Analysis of risk factors for pulmonary metastasis after curative resection of colorectal cancer.
- Author:
Cheng-Hai ZHANG
1
;
Lei CHEN
;
Ming CUI
;
Jia-di XING
;
Ai-Wen WU
;
Zi-Yu LI
;
Jia-Fu JI
;
Xiang-Qian SU
Author Information
- Publication Type:Journal Article
- MeSH: Carcinoembryonic Antigen; blood; Colorectal Neoplasms; Humans; Lung Neoplasms; diagnosis; Prognosis; Risk Factors
- From: Chinese Journal of Gastrointestinal Surgery 2013;16(5):463-466
- CountryChina
- Language:Chinese
-
Abstract:
OBJECTIVETo explore the risk factors for pulmonary metastasis after curative resection of colorectal cancer in order to improve the effectiveness of follow-up and the rate of early diagnosis for the high-risk patients.
METHODSThe clinicopathological and follow-up data of 268 patients with colorectal cancer undergoing radical resection from January 2004 to December 2006 in the Beijing Cancer Hospital were analyzed retrospectively. Patients were divided into study group including 16(6.0%) patients who developed lung metastasis and control group without lung metastasis. The high-risk variables associated with lung metastasis were reviewed by univariate analysis and multivariate analysis.

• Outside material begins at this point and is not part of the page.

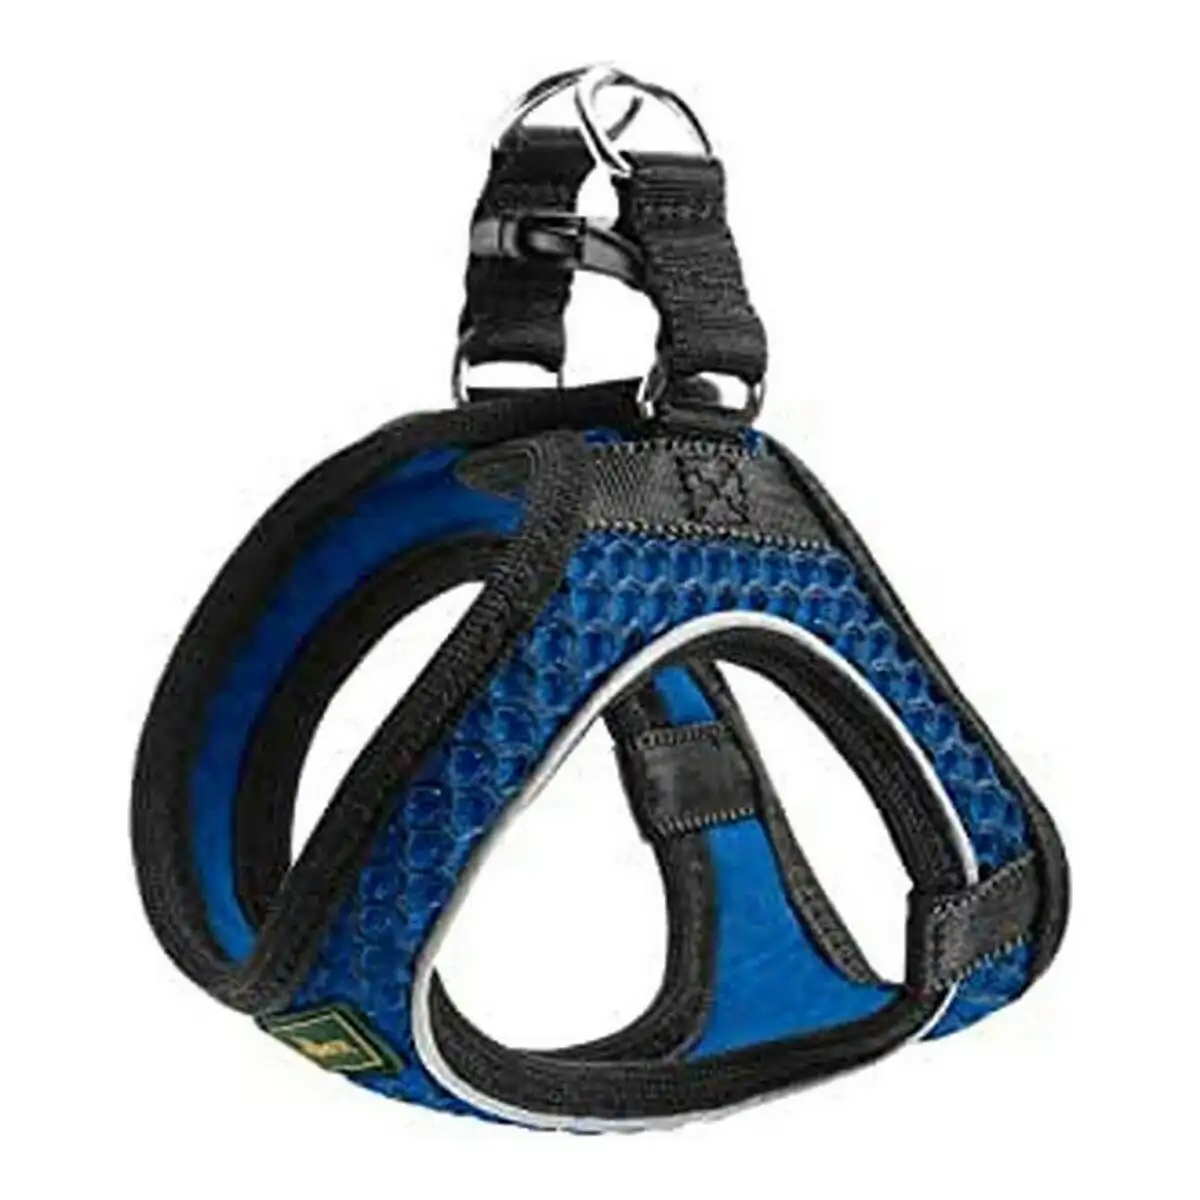 Harnais pour chien hunter hilo comfort bleu taille s m 48 55 cm _6471. DIAYTAR SENEGAL - L'Artisanat à Portée de Clic. Découvrez notre boutique en ligne pour trouver des produits uniques qui célèbrent la créativité et l'artisanat sénégalais.

RESULTSLung metastasis developed in 16 patients, including 10 cases with unilateral lung metastasis and 6 with bilateral. The median duration from colorectal surgery to identification of lung metastasis was 13.9 months. The diagnosis rate of pulmonary metastasis by enhanced chest CT was 81.3%(13/16). Univariate analysis identified the following associated with significant factors associated with pulmonary metastasis: primary tumor location(P=0.003), adjuvant chemotherapy(P=0.034), TNM stage(P=0.005) and preoperative serum carcinoembryonic antigen(CEA) level (P=0.001). Multivariate analysis revealed that primary tumor location(rectum) and preoperative serum CEA level(≥5 μg/L) were independent risk factors for pulmonary metastasis(both P<0.05).
CONCLUSIONSPrimary tumor location and elevated preoperative CEA level are independent risk factors for pulmonary metastasis. Strict postoperative follow-up and routine chest enhanced CT examination is necessary for this particular patient population.